Prothèse fixée sur implant avec porte-à-faux chez des patients partiellement édentés : étude prospective de cohorte

Cette étude évalue les résultats cliniques obtenus sur des patients traités par des prothèses implanto-portées partielles (FPD) avec porte-à-faux après un suivi moyen de 8 ans.

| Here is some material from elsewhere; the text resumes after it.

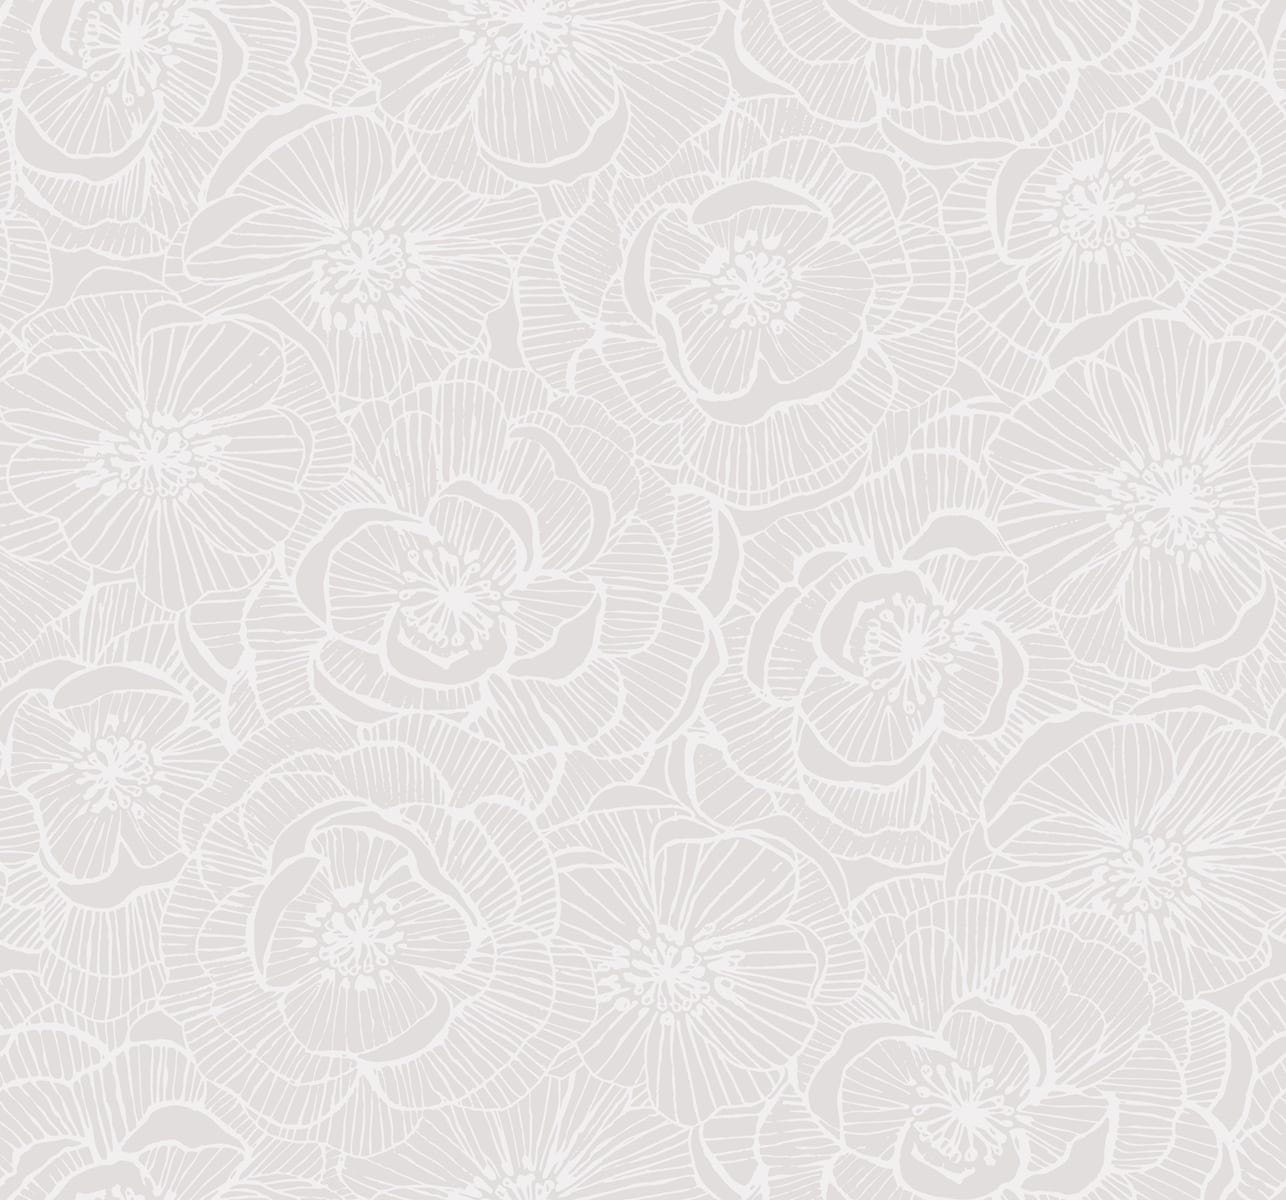 Seabrook Designs AW71001 Casa Blanca 2 Graphic Floral  Wallpaper Metallic Champagne and Off-White

L’étude a inclus 45 patients consécutifs partiellement édentés, traités entre janvier 1994 et août 2006 avec 59 prothèses fixées avec porte-à-faux supportées par 116 implants ITI®. La longueur moyenne du porte-à-faux était de 6,1 mm (SD = 1,3). Les paramètres analysés sont liés à la survenue de complications au niveau prothétique ainsi qu’à la perte osseuse marginale (MBL). La fréquence des complications a été analysée en fonction de l’emplacement du cantilever et de la denture opposée et testée par le test de Fisher. Un modèle de régression à plusieurs niveaux a été construit pour analyser les facteurs qui influent sur la MBL.

Au cours de la période de suivi, 11 implants ont présenté une perte osseuse supérieure à la limite du succès ; 2 de ces implants ont montré une infection des tissus péri-implantaires. Après une observation moyenne de 8,2 années de mise en charge des prothèses avec porte-à-faux, les taux de succès et de survie implantaires étaient respectivement de 90,5 et 100 %. Par ailleurs, les taux de succès et de survie prothétiques étaient respectivement de 57,7 et 100 %. Aucun des prédicteurs inclus dans le modèle multi-niveau a présenté un impact significatif sur la perte osseuse entre l’inclusion et le suivi de l’examen.

La présente étude montre que le pronostic de FPD avec porte-à-faux et la perte osseuse marginale autour des implants supportant ces prothèses n’ont pas été influencés par la position ou la longueur du cantilever, l’emplacement de la prothèse et le type de la denture opposée. Les prothèses implanto-portées fixées avec porte-à-faux peuvent être considérées comme un choix de traitement approprié.